Statistical analysis
Statistical analyses were performed using GraphPad Prism 9.0.0 software (GraphPad Software). Comparisons between two groups were evaluated using a two-tailed paired Student’s t-test. A p-value less than 0.05 was considered statistically significant (*p < 0.05, **p < 0.01). Data are expressed as mean ± standard deviation (SD).
Results
Elevated NeuroD1 expression is closely associated with poor prognosis in neuroblastoma
To explore the role of NeuroD1, we analyzed its expression across various cancer cell lines using the DepMap portal [35] and The Human Protein Atlas [36, 37]. Our results showed that NeuroD1 expression in neuroblastoma was significantly higher than in most other cancer types (Fig. 1A and Supplementary Fig.
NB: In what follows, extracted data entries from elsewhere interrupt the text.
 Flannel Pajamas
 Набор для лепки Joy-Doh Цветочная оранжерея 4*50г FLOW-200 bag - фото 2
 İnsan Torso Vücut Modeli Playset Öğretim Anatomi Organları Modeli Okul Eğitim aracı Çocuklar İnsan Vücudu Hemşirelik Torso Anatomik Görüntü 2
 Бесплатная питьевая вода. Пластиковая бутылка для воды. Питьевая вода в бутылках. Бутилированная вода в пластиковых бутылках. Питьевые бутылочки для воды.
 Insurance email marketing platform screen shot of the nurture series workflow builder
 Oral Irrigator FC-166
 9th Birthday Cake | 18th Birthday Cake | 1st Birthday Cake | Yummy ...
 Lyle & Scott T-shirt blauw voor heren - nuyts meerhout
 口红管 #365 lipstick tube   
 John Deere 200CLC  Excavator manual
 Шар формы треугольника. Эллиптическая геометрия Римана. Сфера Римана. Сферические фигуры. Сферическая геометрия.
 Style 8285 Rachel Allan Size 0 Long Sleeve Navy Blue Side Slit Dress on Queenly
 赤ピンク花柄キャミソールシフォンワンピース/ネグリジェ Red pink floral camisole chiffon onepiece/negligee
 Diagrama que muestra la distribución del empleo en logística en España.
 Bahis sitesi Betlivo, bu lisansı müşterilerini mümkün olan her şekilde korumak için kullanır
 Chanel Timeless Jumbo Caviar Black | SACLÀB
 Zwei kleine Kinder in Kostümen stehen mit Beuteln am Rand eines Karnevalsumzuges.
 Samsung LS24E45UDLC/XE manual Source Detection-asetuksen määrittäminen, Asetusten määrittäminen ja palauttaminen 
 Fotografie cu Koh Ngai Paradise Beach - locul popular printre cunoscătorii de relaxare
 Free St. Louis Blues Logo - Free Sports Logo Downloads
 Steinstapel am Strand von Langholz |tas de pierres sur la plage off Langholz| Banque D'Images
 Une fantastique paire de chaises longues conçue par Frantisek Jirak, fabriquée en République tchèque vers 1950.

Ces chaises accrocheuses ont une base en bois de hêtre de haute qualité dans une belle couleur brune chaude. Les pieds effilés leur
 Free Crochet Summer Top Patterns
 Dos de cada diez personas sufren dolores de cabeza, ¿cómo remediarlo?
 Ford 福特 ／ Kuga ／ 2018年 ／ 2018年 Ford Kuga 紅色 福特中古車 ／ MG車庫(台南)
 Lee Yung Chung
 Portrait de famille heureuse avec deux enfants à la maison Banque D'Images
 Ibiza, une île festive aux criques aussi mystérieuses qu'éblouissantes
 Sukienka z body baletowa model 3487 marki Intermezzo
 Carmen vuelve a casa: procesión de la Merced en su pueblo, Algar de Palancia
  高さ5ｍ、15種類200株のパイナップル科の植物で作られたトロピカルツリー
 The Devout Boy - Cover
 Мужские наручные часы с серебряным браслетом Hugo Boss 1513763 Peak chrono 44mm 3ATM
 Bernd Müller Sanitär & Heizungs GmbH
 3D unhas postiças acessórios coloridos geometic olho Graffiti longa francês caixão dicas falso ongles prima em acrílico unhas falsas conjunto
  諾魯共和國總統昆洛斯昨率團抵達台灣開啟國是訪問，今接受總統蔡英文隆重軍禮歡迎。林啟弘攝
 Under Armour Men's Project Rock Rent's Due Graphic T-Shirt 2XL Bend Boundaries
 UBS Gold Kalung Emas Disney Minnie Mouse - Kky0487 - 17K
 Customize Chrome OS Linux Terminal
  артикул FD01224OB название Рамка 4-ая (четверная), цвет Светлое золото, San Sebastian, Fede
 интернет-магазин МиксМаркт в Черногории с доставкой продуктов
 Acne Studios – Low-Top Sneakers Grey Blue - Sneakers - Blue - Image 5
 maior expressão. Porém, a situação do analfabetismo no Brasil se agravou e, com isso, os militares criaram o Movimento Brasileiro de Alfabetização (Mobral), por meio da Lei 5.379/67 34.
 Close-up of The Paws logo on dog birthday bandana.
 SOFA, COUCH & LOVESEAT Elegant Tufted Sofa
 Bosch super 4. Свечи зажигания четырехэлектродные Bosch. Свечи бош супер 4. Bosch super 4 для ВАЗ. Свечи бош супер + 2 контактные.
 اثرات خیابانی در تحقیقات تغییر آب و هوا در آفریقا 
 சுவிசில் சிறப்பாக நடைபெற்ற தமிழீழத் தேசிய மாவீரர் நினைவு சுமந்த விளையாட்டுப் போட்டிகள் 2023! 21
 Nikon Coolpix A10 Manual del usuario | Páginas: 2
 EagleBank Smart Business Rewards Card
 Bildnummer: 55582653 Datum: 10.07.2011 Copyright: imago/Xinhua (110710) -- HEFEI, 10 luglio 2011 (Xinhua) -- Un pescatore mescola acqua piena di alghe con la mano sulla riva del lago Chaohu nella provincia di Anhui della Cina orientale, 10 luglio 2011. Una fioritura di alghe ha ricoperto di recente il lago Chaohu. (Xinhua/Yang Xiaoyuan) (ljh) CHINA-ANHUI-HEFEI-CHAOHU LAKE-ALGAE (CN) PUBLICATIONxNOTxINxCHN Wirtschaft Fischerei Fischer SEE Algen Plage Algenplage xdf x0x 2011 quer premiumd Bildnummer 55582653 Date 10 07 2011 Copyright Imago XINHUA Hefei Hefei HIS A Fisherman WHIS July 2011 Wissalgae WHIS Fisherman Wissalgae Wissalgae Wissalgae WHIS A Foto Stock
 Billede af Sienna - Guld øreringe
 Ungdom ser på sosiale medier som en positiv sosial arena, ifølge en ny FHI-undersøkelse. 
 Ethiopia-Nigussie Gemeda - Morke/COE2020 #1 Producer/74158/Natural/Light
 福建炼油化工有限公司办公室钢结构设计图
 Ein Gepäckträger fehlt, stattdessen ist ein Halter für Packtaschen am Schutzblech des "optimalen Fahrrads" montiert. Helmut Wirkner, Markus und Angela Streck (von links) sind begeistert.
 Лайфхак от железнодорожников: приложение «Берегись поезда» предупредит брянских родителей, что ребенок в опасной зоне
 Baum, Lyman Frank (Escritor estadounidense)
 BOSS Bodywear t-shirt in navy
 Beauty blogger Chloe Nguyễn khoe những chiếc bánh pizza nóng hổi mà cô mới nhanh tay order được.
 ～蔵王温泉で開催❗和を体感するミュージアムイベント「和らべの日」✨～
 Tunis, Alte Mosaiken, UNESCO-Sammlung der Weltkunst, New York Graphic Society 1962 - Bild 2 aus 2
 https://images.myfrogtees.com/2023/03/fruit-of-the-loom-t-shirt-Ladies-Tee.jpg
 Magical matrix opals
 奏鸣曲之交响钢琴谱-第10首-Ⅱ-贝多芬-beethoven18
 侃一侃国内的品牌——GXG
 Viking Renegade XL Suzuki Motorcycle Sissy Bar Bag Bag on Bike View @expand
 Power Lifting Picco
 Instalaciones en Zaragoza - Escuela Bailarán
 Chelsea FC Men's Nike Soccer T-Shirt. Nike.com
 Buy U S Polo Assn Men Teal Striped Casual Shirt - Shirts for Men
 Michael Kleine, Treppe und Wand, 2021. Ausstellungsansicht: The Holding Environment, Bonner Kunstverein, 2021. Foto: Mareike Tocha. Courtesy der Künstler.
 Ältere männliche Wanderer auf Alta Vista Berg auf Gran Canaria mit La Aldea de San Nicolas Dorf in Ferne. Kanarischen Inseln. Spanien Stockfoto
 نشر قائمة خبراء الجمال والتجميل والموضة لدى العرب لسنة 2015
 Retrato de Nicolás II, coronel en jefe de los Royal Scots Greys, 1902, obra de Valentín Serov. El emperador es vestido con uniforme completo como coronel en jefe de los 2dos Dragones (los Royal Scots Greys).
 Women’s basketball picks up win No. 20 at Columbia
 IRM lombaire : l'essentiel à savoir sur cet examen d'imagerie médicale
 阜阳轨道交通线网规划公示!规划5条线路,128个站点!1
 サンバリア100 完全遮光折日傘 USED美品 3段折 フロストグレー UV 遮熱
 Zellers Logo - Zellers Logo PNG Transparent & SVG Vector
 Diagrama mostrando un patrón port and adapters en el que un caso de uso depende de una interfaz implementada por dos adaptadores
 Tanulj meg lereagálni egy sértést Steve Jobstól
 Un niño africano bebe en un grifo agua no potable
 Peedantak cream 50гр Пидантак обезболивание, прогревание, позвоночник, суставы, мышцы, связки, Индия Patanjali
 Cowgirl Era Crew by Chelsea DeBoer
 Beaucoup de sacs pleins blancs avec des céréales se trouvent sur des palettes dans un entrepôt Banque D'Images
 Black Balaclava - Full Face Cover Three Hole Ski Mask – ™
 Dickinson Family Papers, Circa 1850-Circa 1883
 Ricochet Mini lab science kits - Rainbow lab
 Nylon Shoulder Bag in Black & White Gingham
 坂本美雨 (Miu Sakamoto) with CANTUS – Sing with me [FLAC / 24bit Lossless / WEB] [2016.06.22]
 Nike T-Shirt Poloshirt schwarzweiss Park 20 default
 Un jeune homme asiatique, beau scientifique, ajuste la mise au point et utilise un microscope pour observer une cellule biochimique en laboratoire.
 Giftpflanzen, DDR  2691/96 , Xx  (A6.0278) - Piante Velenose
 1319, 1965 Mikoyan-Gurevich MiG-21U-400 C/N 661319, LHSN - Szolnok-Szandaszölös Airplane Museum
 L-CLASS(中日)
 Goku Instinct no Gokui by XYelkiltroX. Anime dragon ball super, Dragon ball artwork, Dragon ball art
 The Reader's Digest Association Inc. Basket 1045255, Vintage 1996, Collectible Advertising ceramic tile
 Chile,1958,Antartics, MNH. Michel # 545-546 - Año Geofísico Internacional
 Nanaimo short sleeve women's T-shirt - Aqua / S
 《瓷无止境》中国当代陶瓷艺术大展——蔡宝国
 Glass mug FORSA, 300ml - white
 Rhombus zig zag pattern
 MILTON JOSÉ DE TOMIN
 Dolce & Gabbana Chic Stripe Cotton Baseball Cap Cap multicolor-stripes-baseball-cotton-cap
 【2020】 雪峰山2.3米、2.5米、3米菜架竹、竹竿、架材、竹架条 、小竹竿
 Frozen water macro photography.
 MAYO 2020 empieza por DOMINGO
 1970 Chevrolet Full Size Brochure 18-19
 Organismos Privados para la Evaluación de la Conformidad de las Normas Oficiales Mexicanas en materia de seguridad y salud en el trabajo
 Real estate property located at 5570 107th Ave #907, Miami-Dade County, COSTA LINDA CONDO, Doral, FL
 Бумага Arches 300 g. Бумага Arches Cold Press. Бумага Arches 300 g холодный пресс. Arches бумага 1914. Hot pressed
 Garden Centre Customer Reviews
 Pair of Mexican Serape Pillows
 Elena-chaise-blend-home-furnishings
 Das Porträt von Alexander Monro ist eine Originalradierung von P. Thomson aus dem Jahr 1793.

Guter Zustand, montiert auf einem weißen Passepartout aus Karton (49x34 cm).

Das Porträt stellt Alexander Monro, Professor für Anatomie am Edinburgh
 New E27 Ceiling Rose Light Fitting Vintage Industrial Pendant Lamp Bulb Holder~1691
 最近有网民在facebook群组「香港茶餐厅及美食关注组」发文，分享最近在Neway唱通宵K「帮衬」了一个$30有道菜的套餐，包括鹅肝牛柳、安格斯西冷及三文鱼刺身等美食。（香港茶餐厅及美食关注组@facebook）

S1). Additionally, NeuroD1 had the lowest dependency score in neuroblastoma (Fig. 1B), highlighting its critical role in the onset and advancement of this disease. Given NeuroD1’s role in neural crest cell differentiation, which are the progenitors of neuroblastoma, we analyzed its expression in normal neural crest cells versus neuroblastoma patient datasets. NeuroD1 showed sustained overexpression in neuroblastoma patient samples relative to normal neural crest cells (Fig. 1C), suggesting its potential involvement in the tumor’s origin. Since MYCN amplification is a characteristic feature of high-risk neuroblastoma, we analyzed NeuroD1 expression in neuroblastoma patient datasets, distinguishing between those with and without MYCN amplification. NeuroD1 expression was notably higher in patients with MYCN amplification (Fig. 1D). Patients exhibiting elevated NeuroD1 expression demonstrated significantly poorer overall and eventfree survival probabilities compared to those with lower NeuroD1 expression (Fig. 1E). Collectively, these data establish NeuroD1 as a pivotal driver of neuroblastoma tumorigenesis and metastatic aggression.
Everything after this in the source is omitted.